Millie has I guess always been a dog who goes off her food.

It started with her being given Royal Canine kibble from the breeder, she ate it a bit, but gradually she was eating less and less and seeming uninterested in it. We then tried switching to Hills Science Plan which the vet gave us, she liked it for a week and then the same again. We switched to Arden Grange and again like it for a week or so and went off ot it. It was pitiful watching her struggle to eat yet not enjoy it.

Then at 5 months after hubby said he too was concerned about her lack of eating, I read up on here about raw feeding and the Barf diet. After reading all I could on it I decided to give it a try. I went for Natural Instinct as it is fully balanced and no prep to do.

From day one she loved it straight away, eating two meals a day. Since Christmas however, she has turned her nose up at it, probably because everyone was sneaking her delicious Christmas ham, turkey, beef the lot  

I have come to the conclusion that if she's not hungry she just wont bother eating. On average out of 14 meals a weeks (2 per day) she will refuse 4 of them. Sometimes I serve the food as it comes, other times I may add a little extra of our left over food, ie chicken. I've also swapped to NI's Country Banquet food as well as their standard food just so she has lots of variety.

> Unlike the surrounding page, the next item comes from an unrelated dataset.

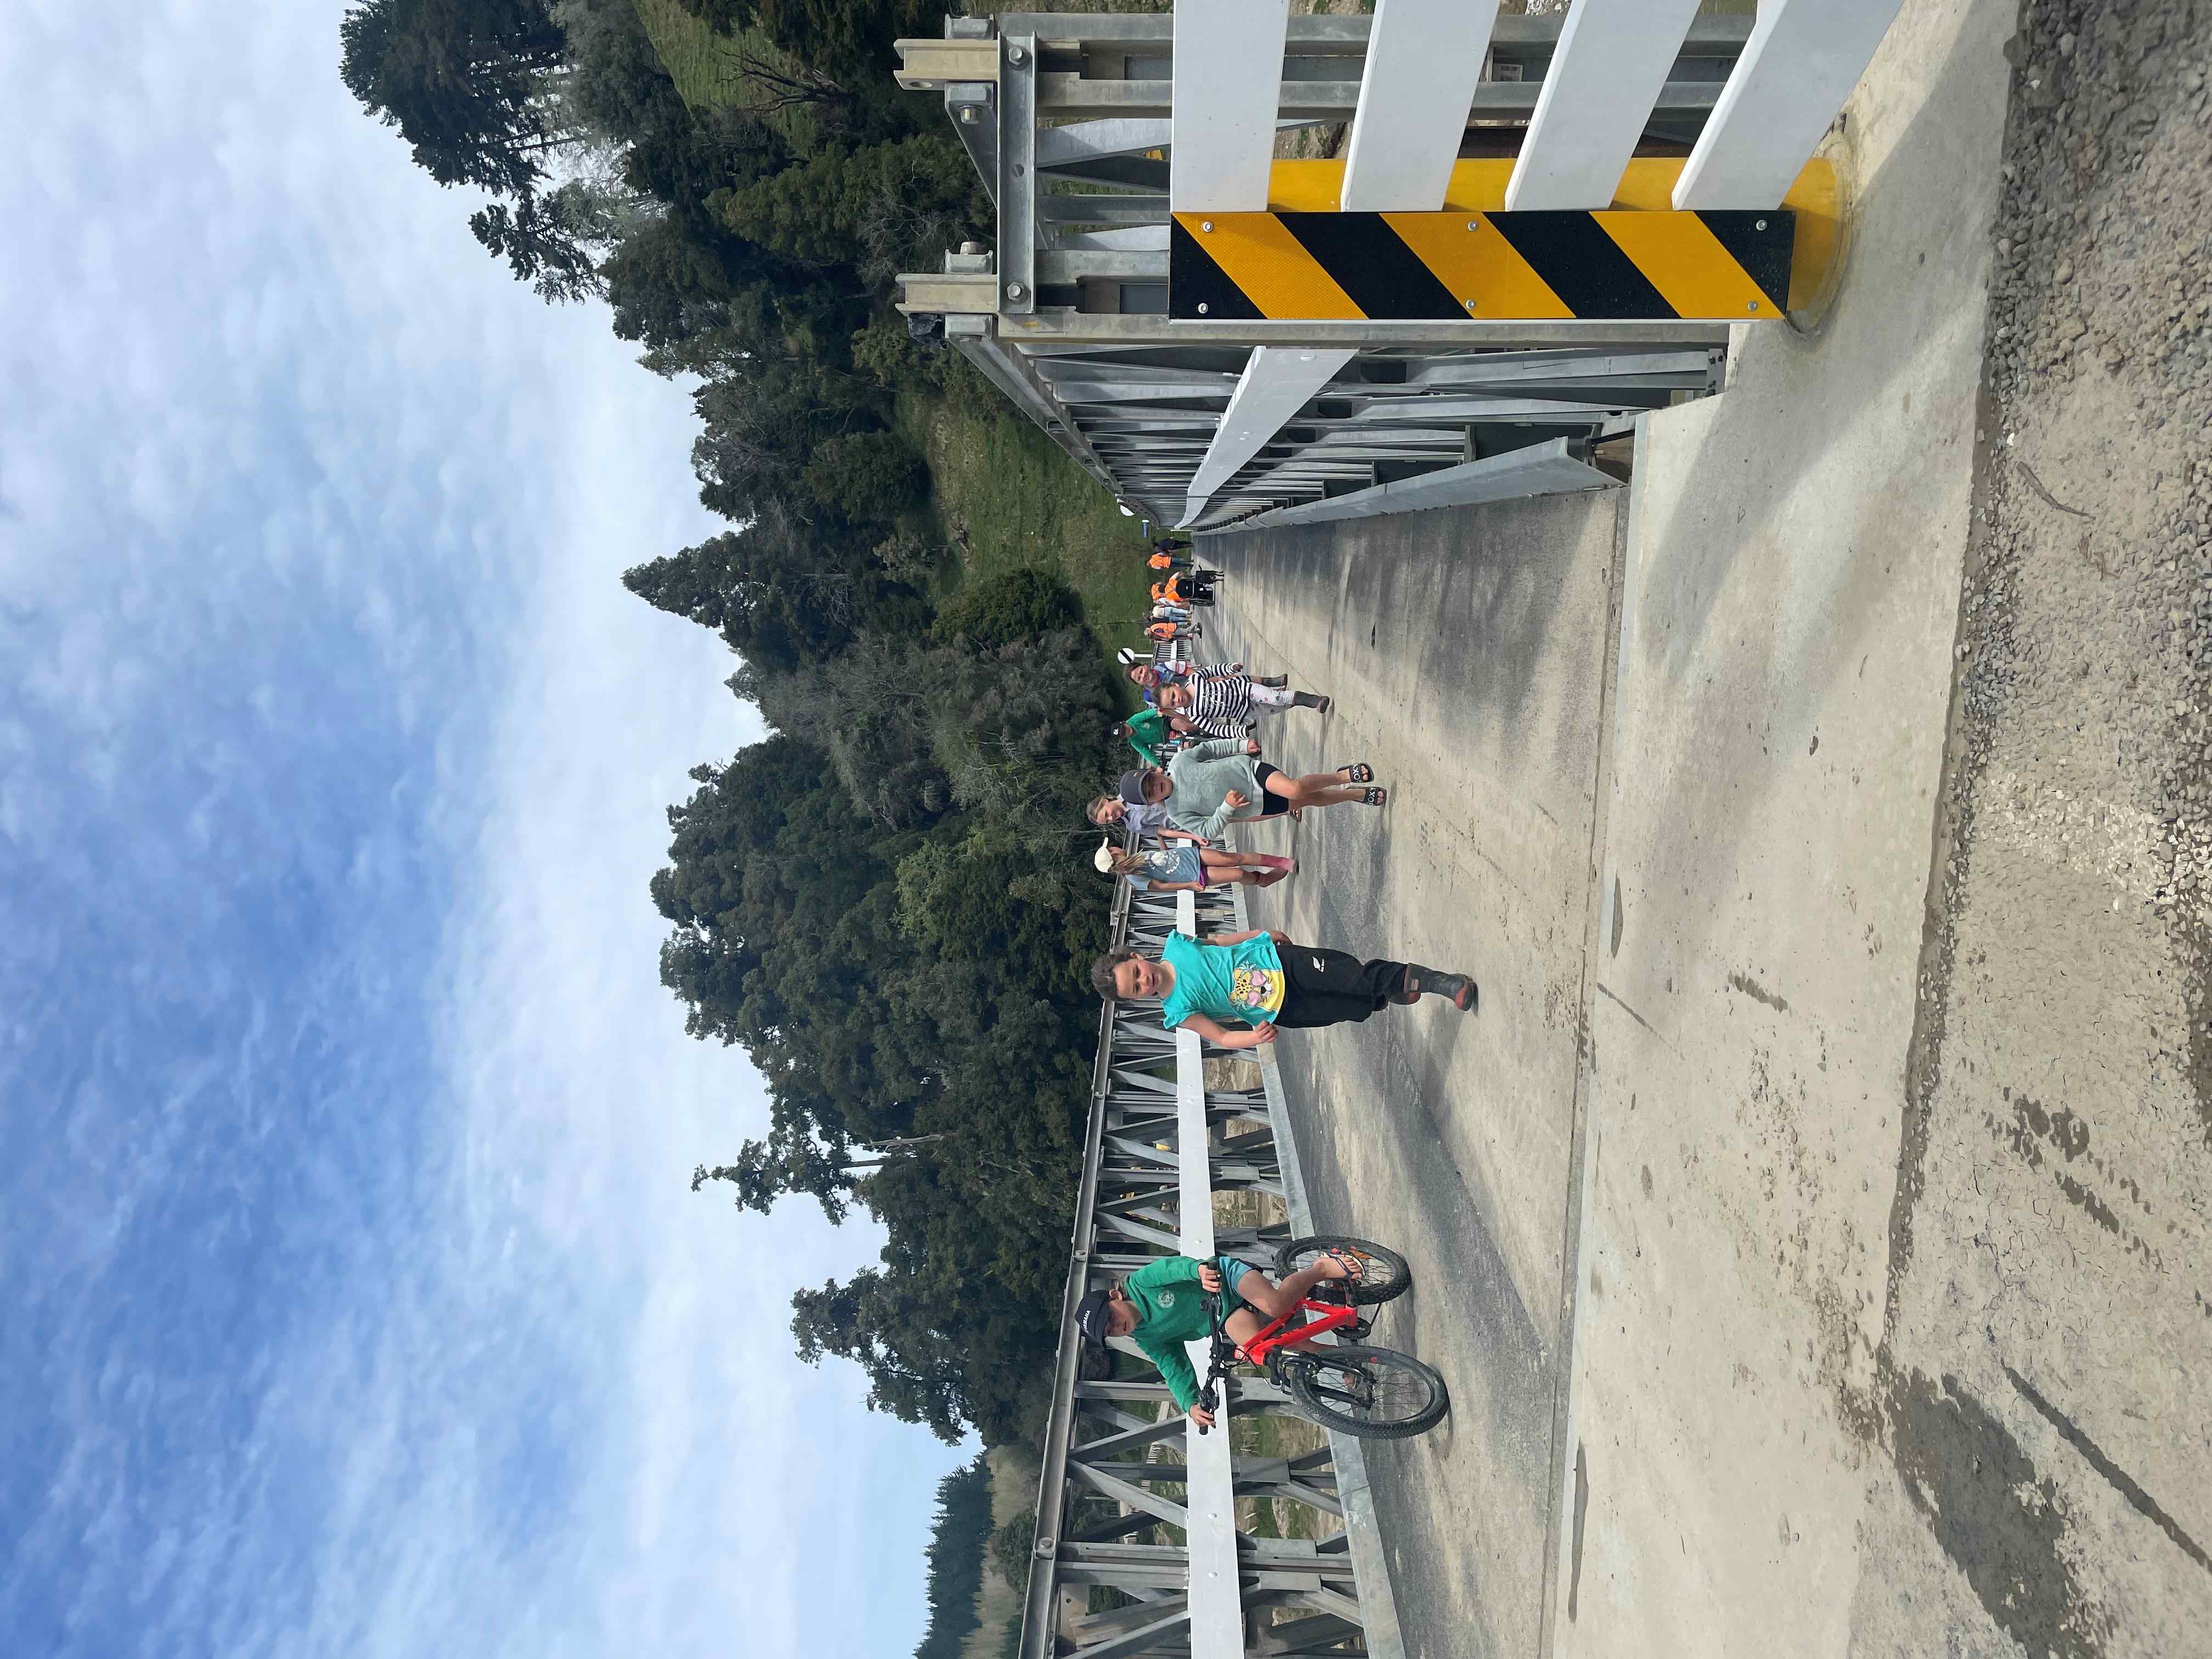 Hollywood Bridge opening day with kids

I just think some cockapoo's are a bit more fussy eaters and don't overeat just because they can.


----------



## Emma (Apr 29, 2011)

Maggie is fussy. Will sometimes eat the lot. Other times picks at it and walks away. If u are worried ask ur vet. I have made several visits to the vet about maggies eating, or lack of it and we have come to the conclusion that if she is hungry she will eat. 
I think u have to avoid the temptation to pander to it. Put food down for half an hour and remove if its ignored. Be consistent. Emma x


----------



## Kodysmom (Feb 11, 2012)

Kody is 5 .5 months and tend to go off his food alot. It started around 3 months when he started teething. We tried adding water, chicken broth and soft food. After two days of eating well he would go back to sniffing his food and walking away. At one point I tried switching his food but he had no interest in the new kibble. I used to be really concerned however now I just put the food down and if he doesn't eat after 30 minutes I take it up. He goes back to the vet on the 23rd so I will bring this up tp get an experts opinion. I really just think cockapoos are fussy eaters.


----------